Richard Serra “Titled Arc” / US government
(In 1981, the US Arts-in-Architecture program (part of the US General Services Administration) commissioned artist Richard Serra to create a work of public art for the Federal Plaza in NYC.
The work proved controversial from the outset: some balked at its cost ($175,000 for a solid block of steel); others objected to the graffiti and rats it seemed to attract; others simply found it an eyesore. Most significantly, a number of people working in surrounding buildings complained that the work was an inconvenience, as they were forced to walk around the massive sculpture as they crossed the plaza. (Which, according to Serra, was precisely the point: “The viewer becomes aware of himself and of his movement through the plaza. As he moves, the sculpture changes. Contraction and expansion of the sculpture result from the viewer’s movement. Step by step the perception not only of the sculpture but of the entire environment changes.”)

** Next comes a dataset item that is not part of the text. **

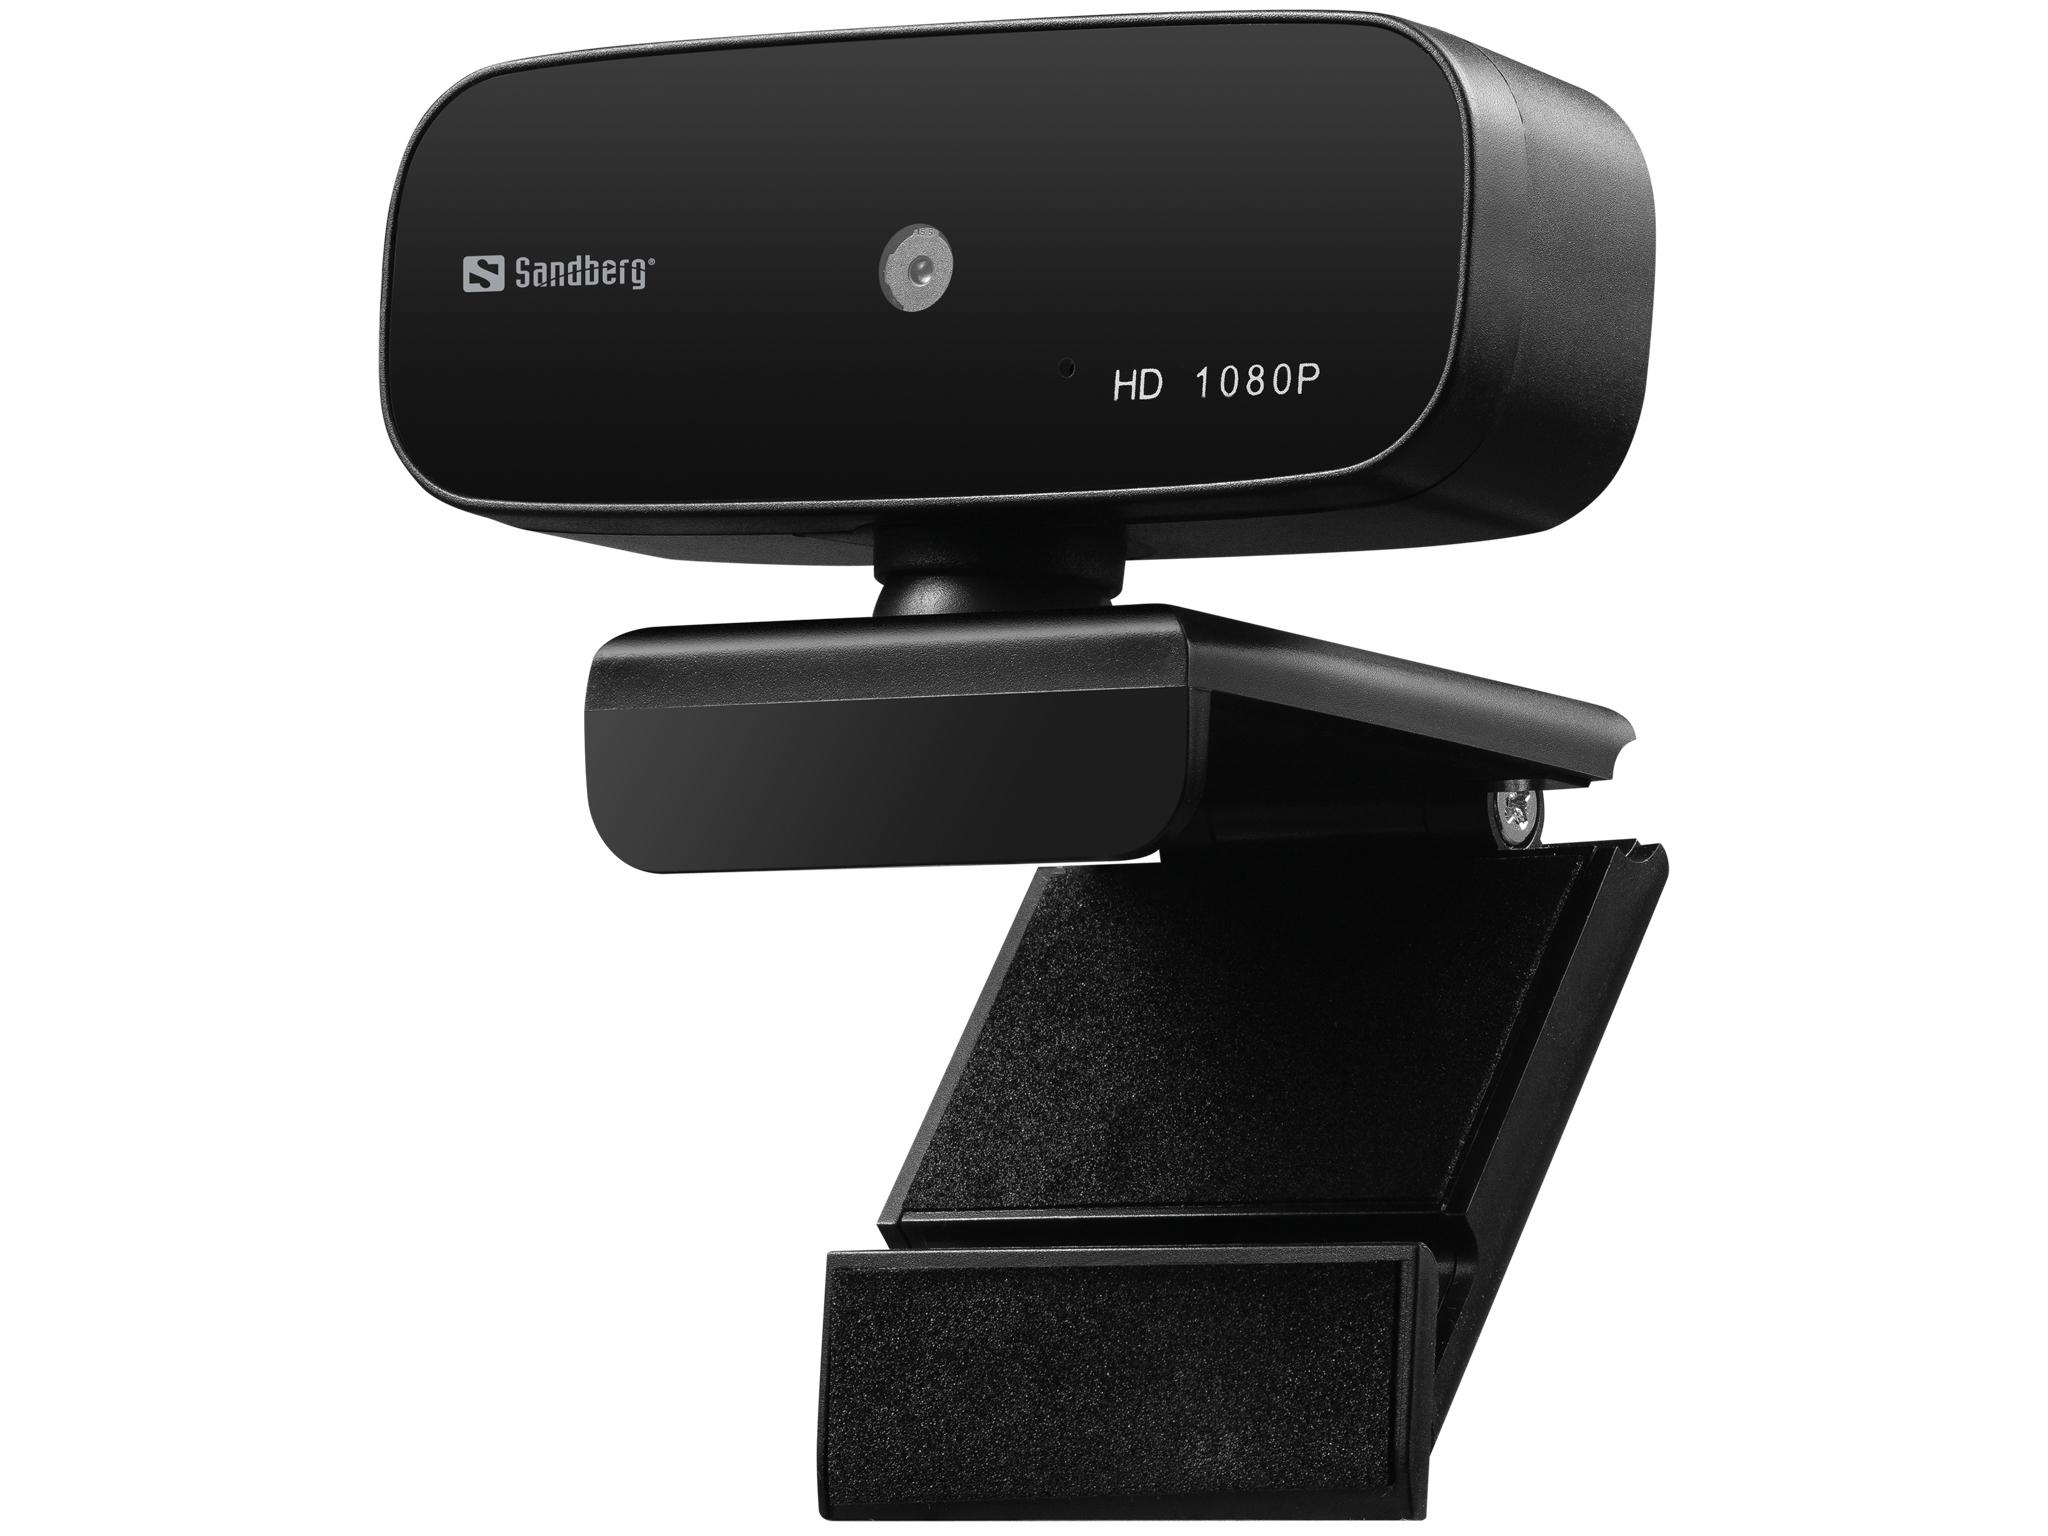 Sandberg USB Webcam Autofocus 1080P HD

As a result of this controversy, Judge Edward Re began a campaign to have the the sculpture removed. In 1985, there was a public hearing to determine whether Tilted Arc should be relocated. Serra, for his part, argued that work was site specific, that to remove it would be to destroy it, and if it was relocated, he would remove his name from the piece. At the end of the hearing, a jury ruled 4-1 to remove the piece. Serra appealed, and the ruling was debated over the course of the next five years or so.
In the end, the jury’s ruling was upheld. Exercising proprietary rights, authorities of the General Services Administration ordered the destruction of the public sculpture that their own agency had commissioned ten years earlier. Government workers dismantled the work on March 15, 1989.)